- Given information -

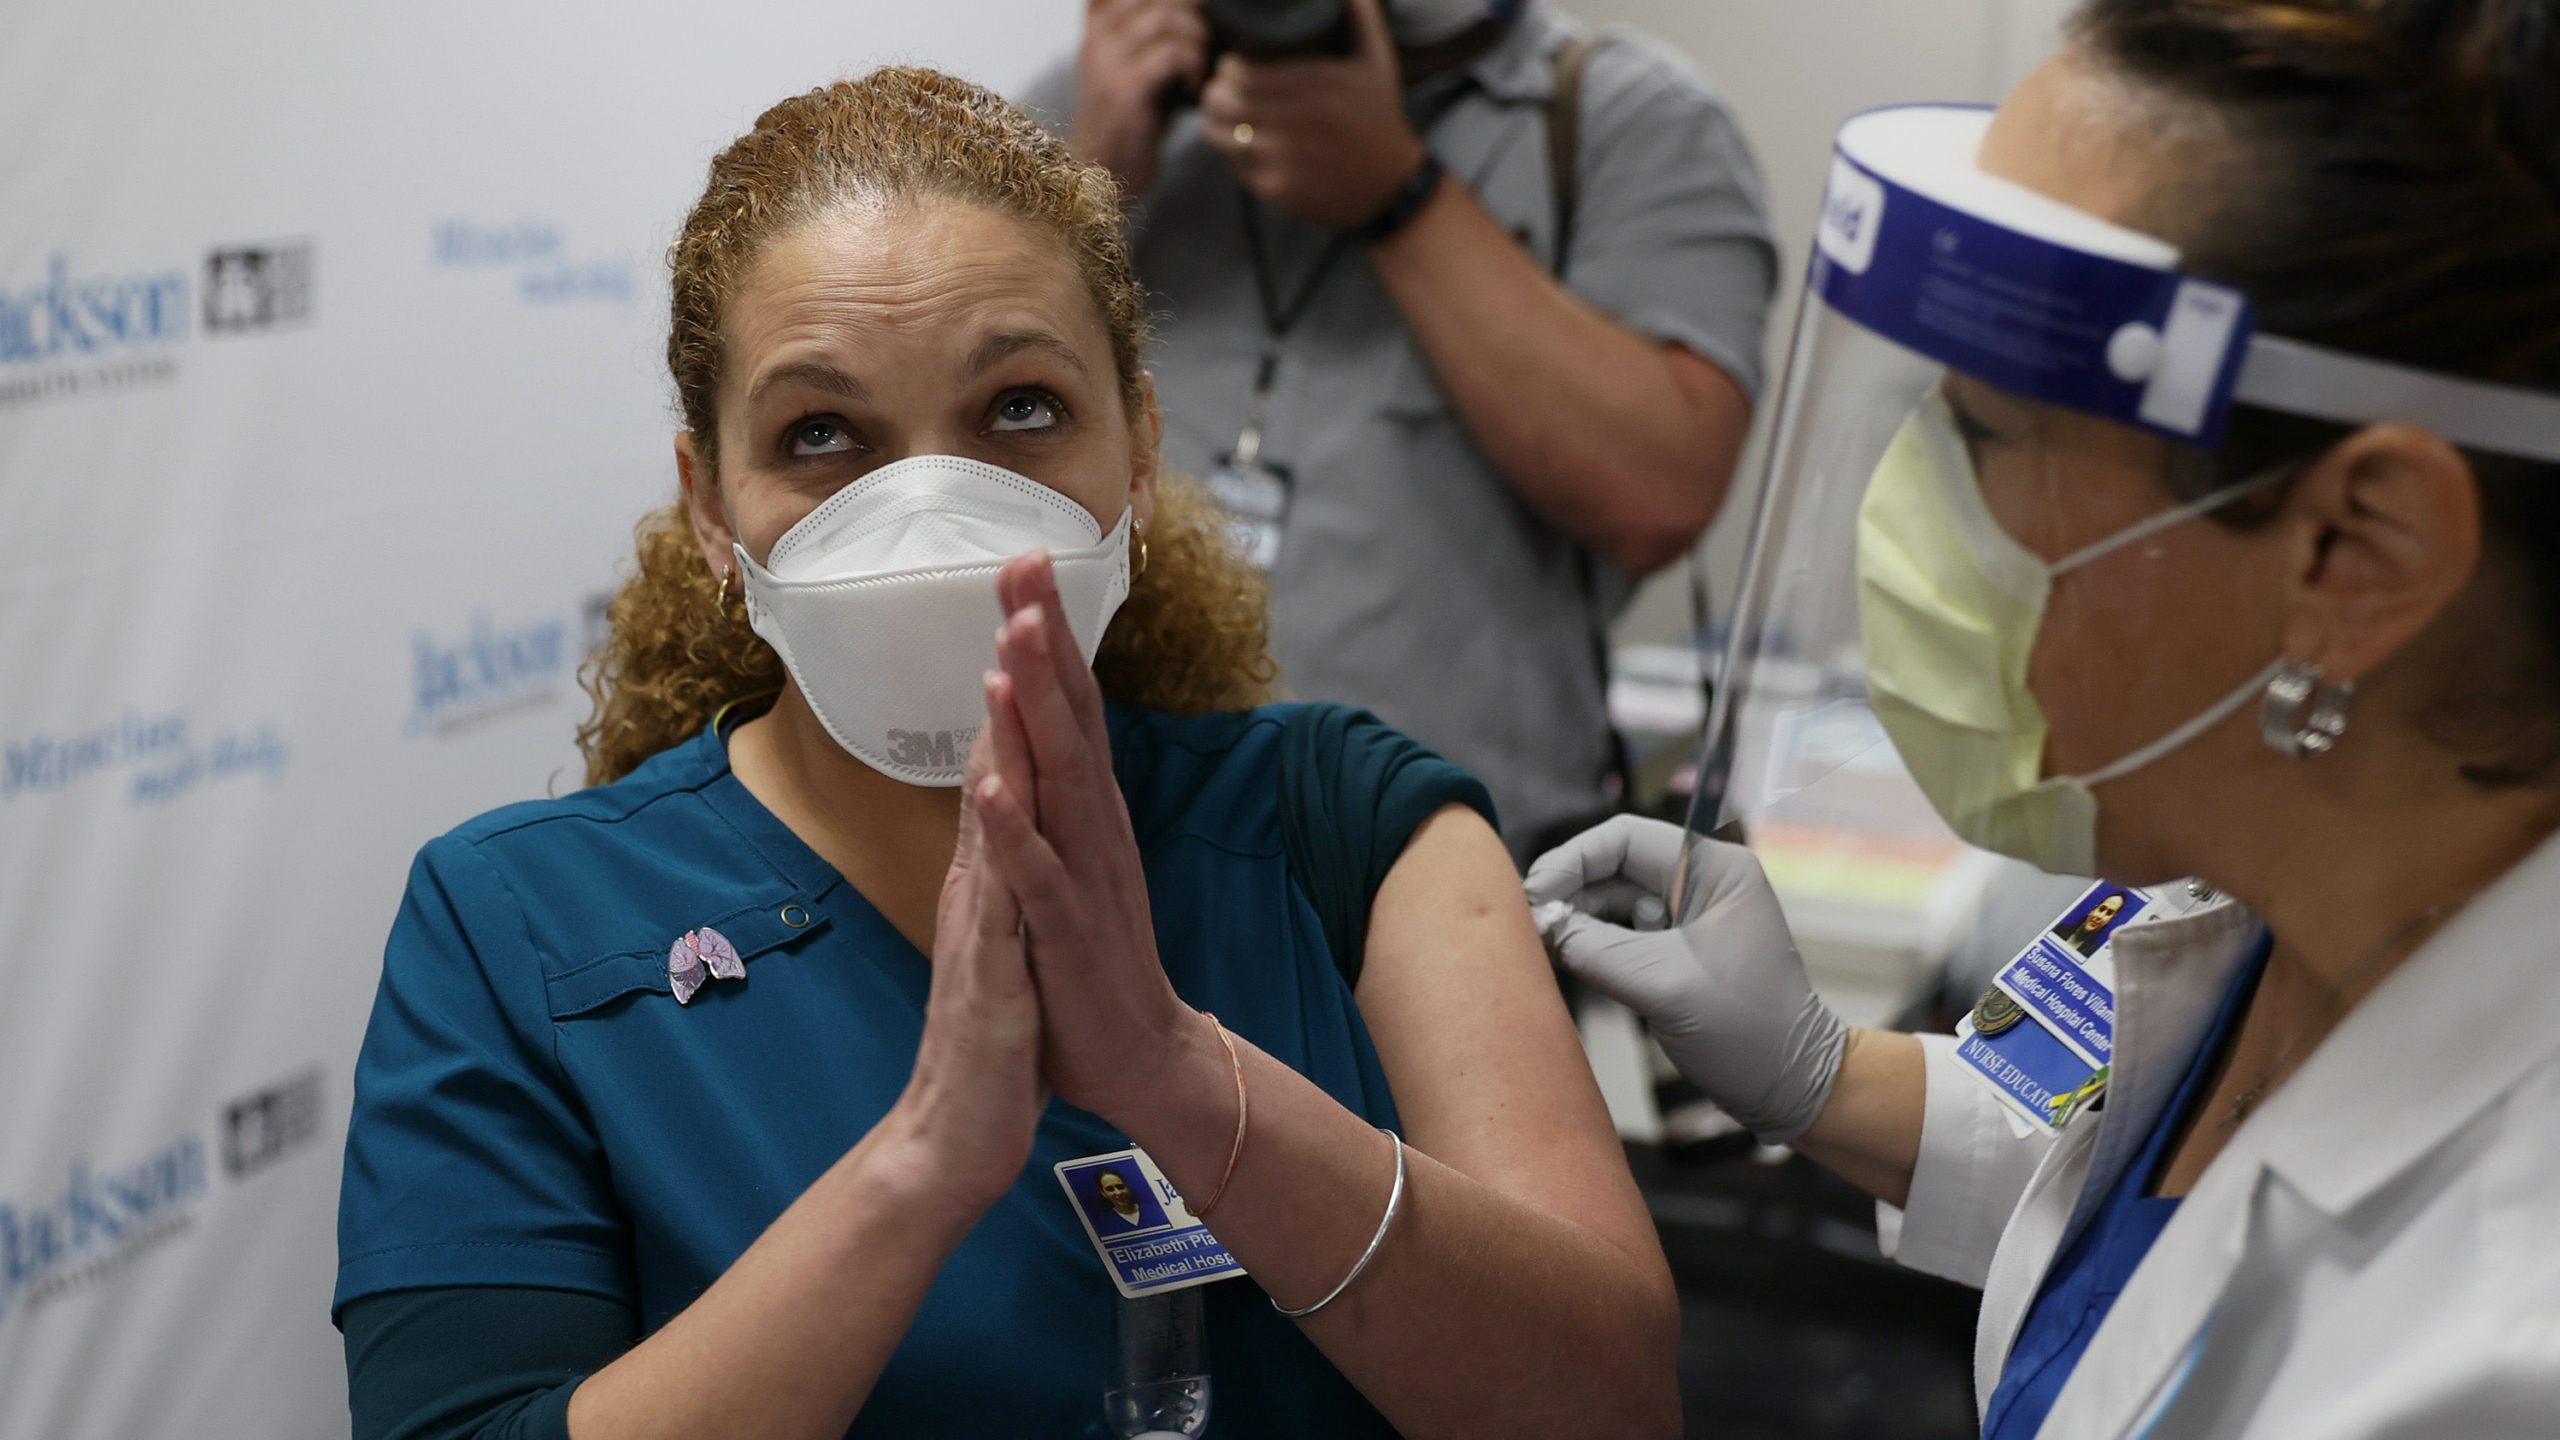 Elizabeth Plasencia, RRT Medical Hospital Centre at the Jackson Health Systems, clasps her hands together after receiving a Pfizer/BioNtech covid-19 vaccine from Susana Flores Villamil, RN from Jackson Health Systems, at the Jackson Memorial Hospital on December 15, 2020 in Miami, Florida.  (Photo: Joe Raedle, Getty Images)
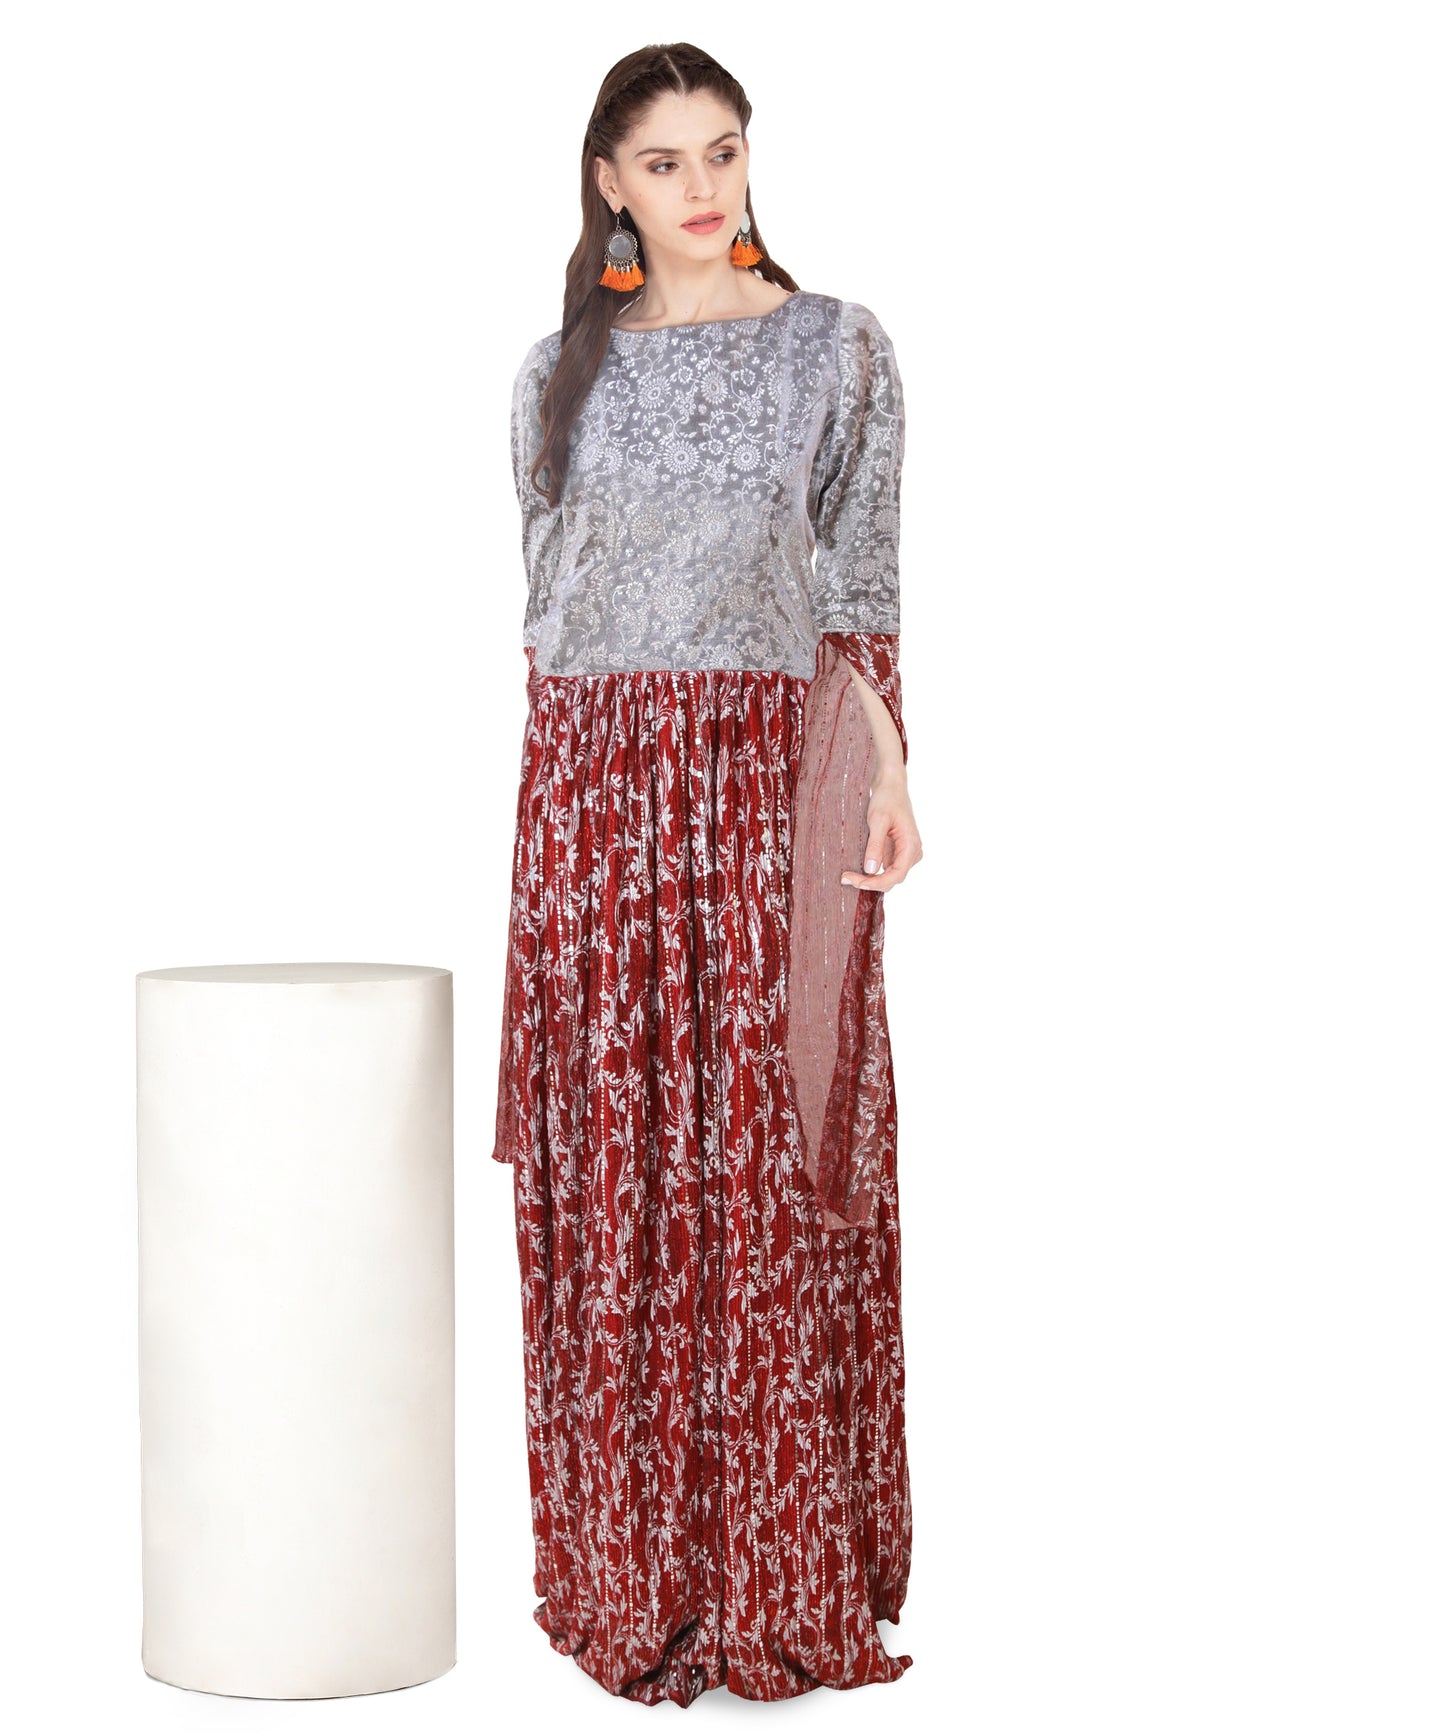 Maroon sequin embellished maxi dress | S3W163
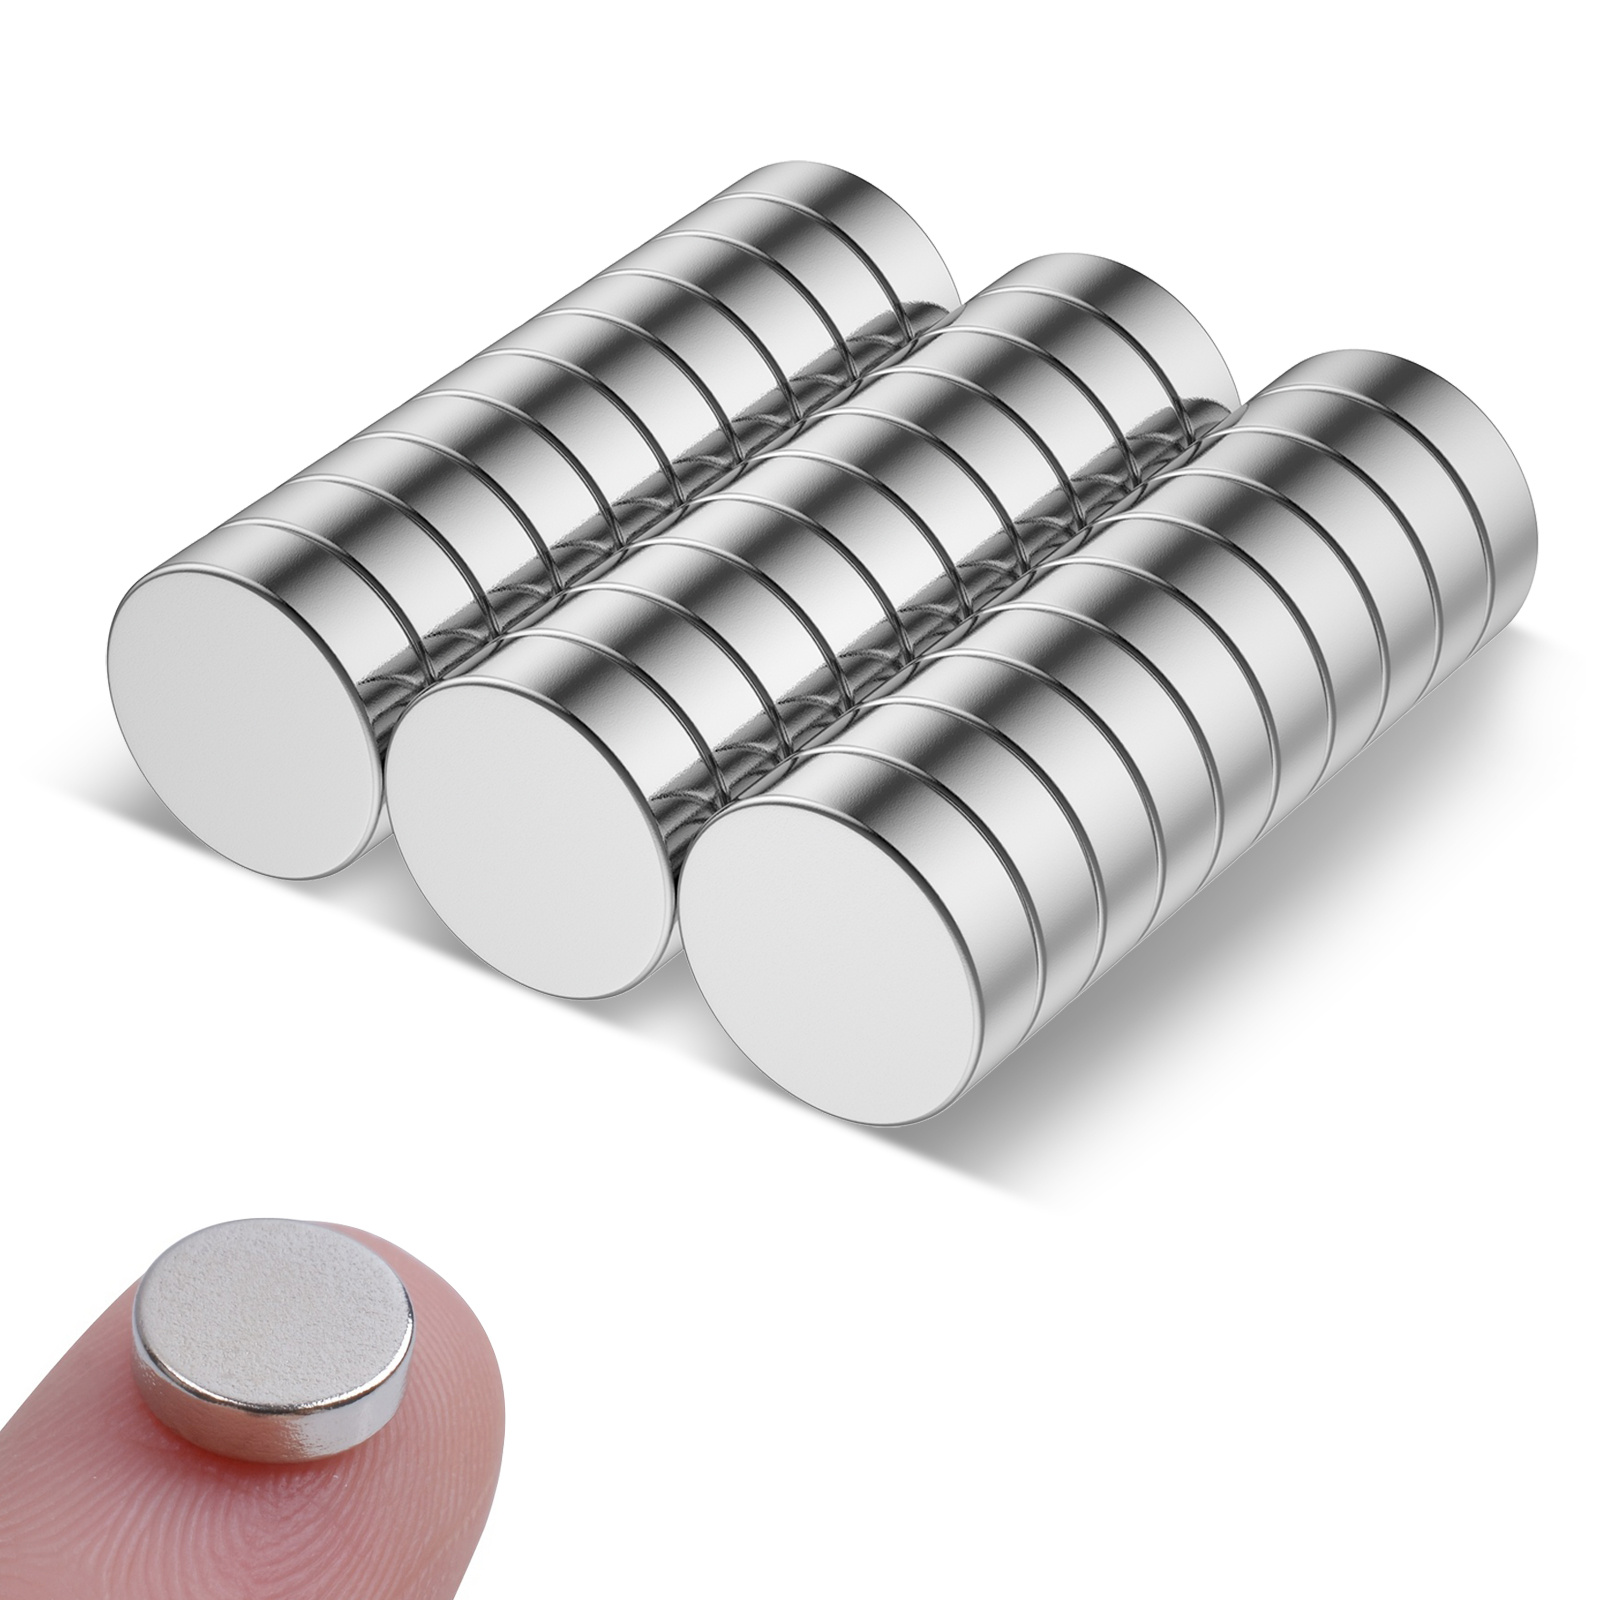 30pcs Super Strong Neodymium Magnets, 7X2mm Small Disk Magnets,  Multi-function Round Magnets, Ideal For Refrigerator, Whiteboard, Office,  Home Kitchen

- Work task -
Your output should be the lines from the one with "Maroon sequin embellished" through the end of the listing, copied exactly and with the pictures left out.

- Response area -
 Maroon sequin embellished maxi dress | S3W163
 30pcs Super Strong Neodymium Magnets, 7X2mm Small Disk Magnets,  Multi-function Round Magnets, Ideal For Refrigerator, Whiteboard, Office,  Home Kitchen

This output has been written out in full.